I have the follwing string and I split it:
>>> st = '%2g%k%3p'
>>> l = filter(None, st.split('%'))
>>> print l
['2g', 'k', '3p']
Now I want to print the g letter two times, the k letter one time and the p letter three times:
ggkppp
How is it possible?
You could use generator with isdigit() to check wheter your first symbol is digit or not and then return following string with appropriate count. Then you could use join to get your output:
''.join(i[1:]*int(i[0]) if i[0].isdigit() else i for i in l)
Demonstration:
In [70]: [i[1:]*int(i[0]) if i[0].isdigit() else i for i in l ]

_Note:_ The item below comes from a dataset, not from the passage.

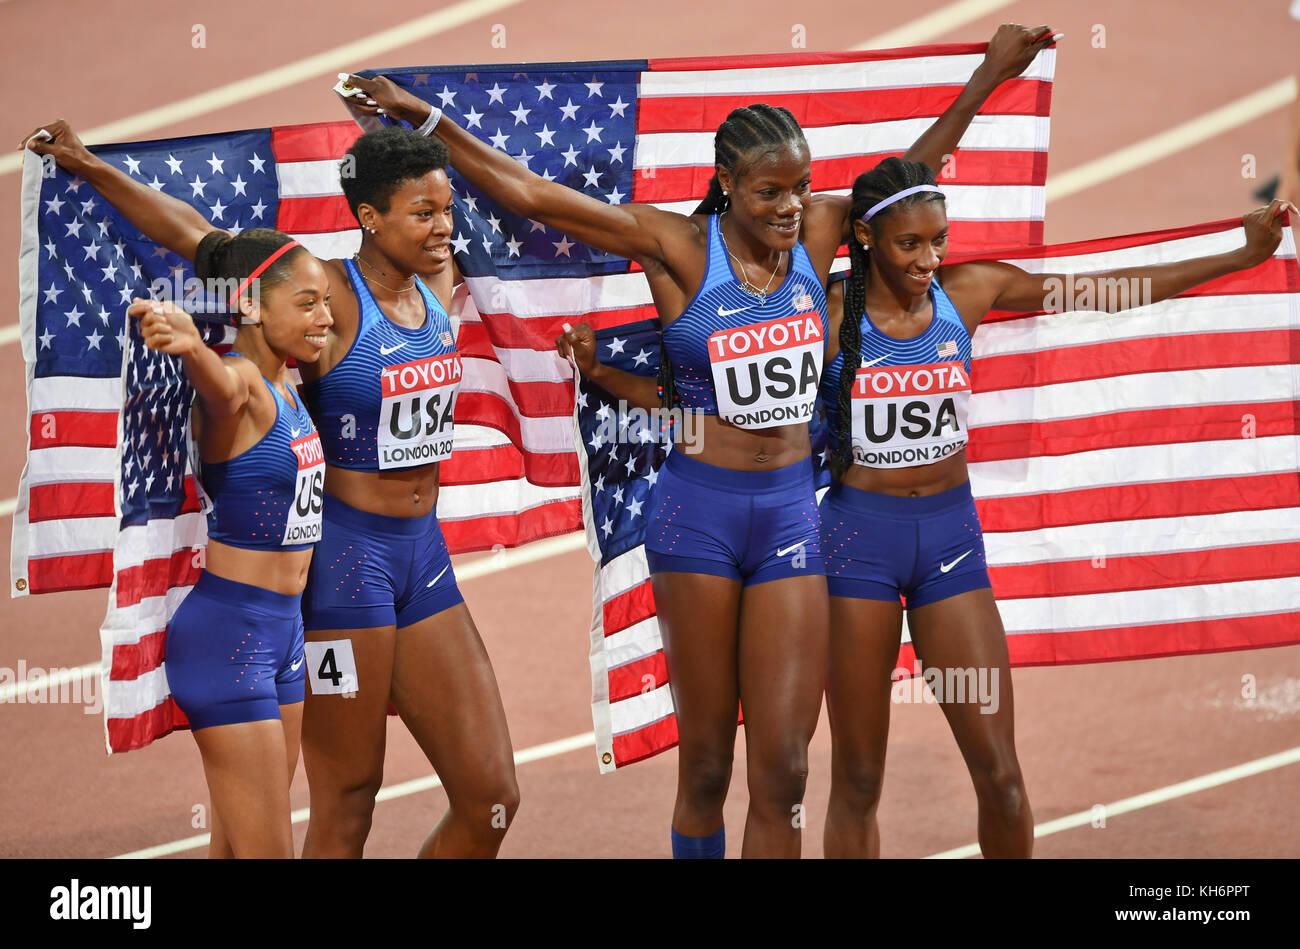 USA Team - 4x400 relays Gold Medal - IAAF World Championships - London 2017 Stock Photo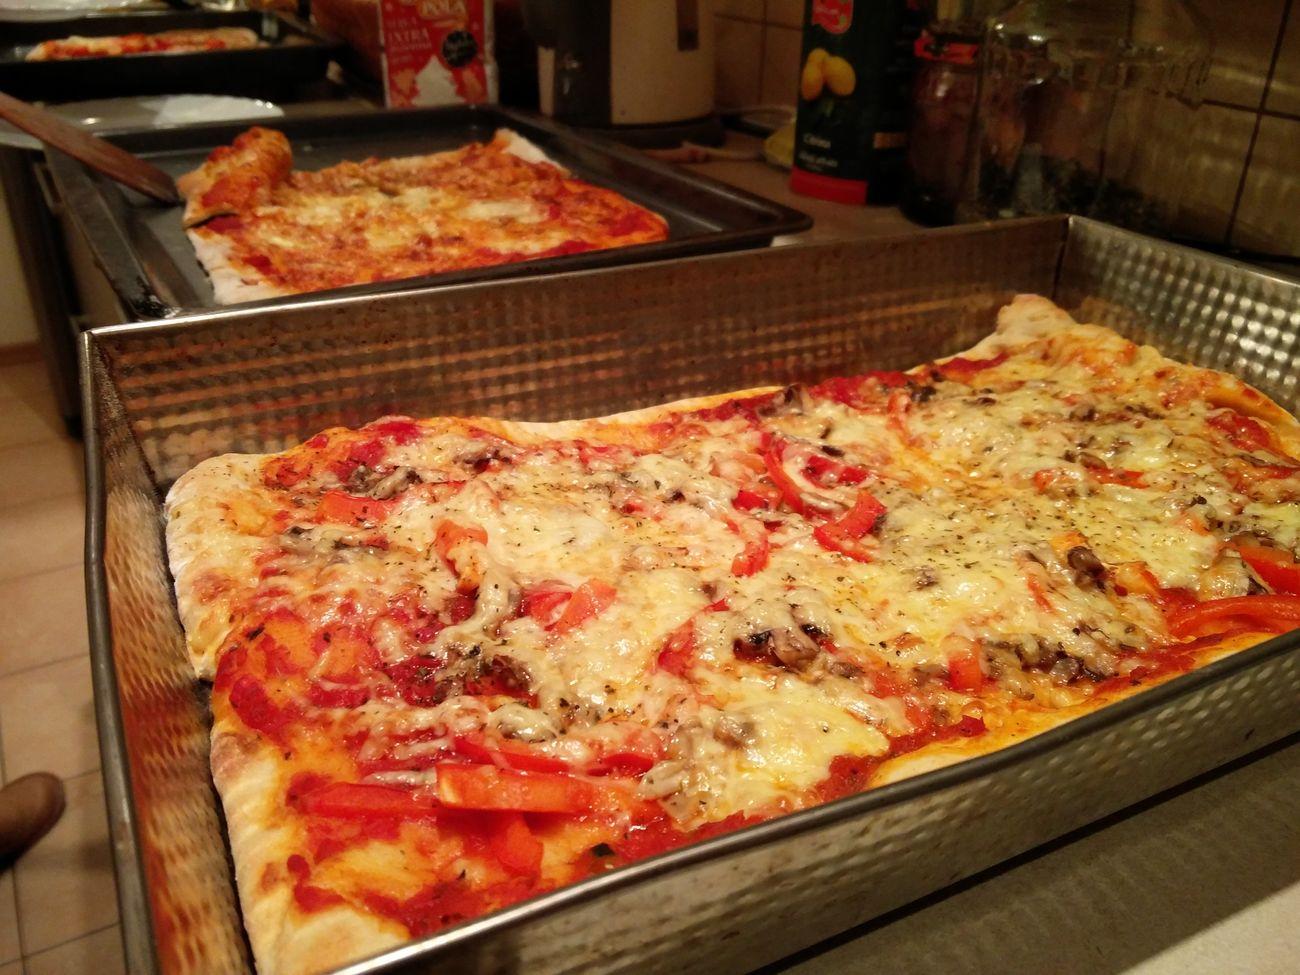 Pizza Food Indoors  Pizza🍕 Pizzalover🍕🍕🍕 Pizzaparty Pizzanight🍕 Vilnius Christmas Vegetarian Food Vegetarian Pizza Love Pizza Porn Foodporn Foodporn❤️ Foodpics Food♡

Out[70]: ['gg', 'k', 'ppp']
In [71]: ''.join(i[1:]*int(i[0]) if i[0].isdigit() else i for i in l)
Out[71]: 'ggkppp'
EDIT
Using re module when first number is with several digits:
''.join(re.search('(\d+)(\w+)', i).group(2)*int(re.search('(\d+)(\w+)', i).group(1)) if re.search('(\d+)(\w+)', i) else i for i in l)
Example:
In [144]: l = ['12g', '2kd', 'h', '3p']
In [145]: ''.join(re.search('(\d+)(\w+)', i).group(2)*int(re.search('(\d+)(\w+)', i).group(1)) if re.search('(\d+)(\w+)', i) else i for i in l)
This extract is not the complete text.